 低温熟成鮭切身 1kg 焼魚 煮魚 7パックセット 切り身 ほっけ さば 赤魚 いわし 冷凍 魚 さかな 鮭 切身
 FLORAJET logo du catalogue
==
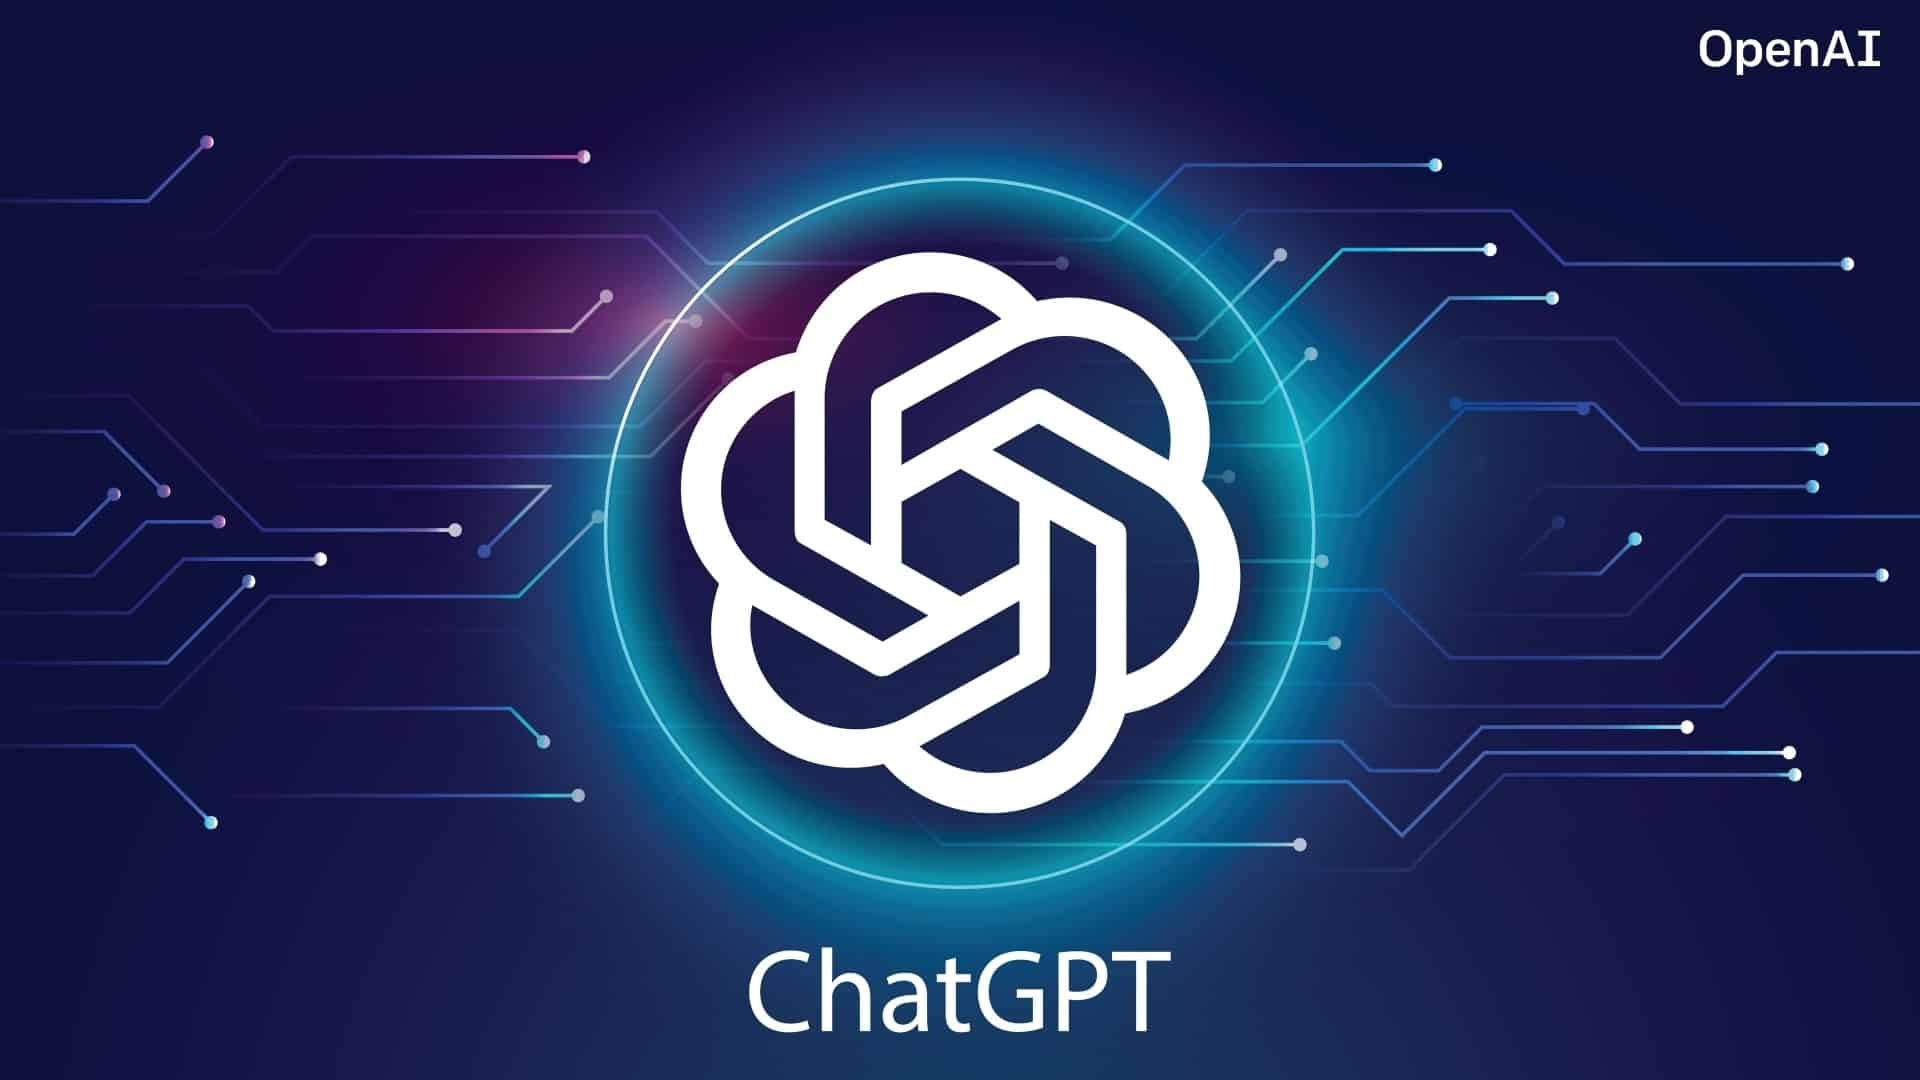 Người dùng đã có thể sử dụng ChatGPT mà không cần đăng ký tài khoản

▶ _What needs to be done_: Each line in the listing above from the one containing "低温熟成鮭切身 1kg 焼魚" through the one containing "FLORAJET logo du catalogue" should be repeated exactly, and no other line.

▶ _Reply to the task_:
 低温熟成鮭切身 1kg 焼魚 煮魚 7パックセット 切り身 ほっけ さば 赤魚 いわし 冷凍 魚 さかな 鮭 切身
 FLORAJET logo du catalogue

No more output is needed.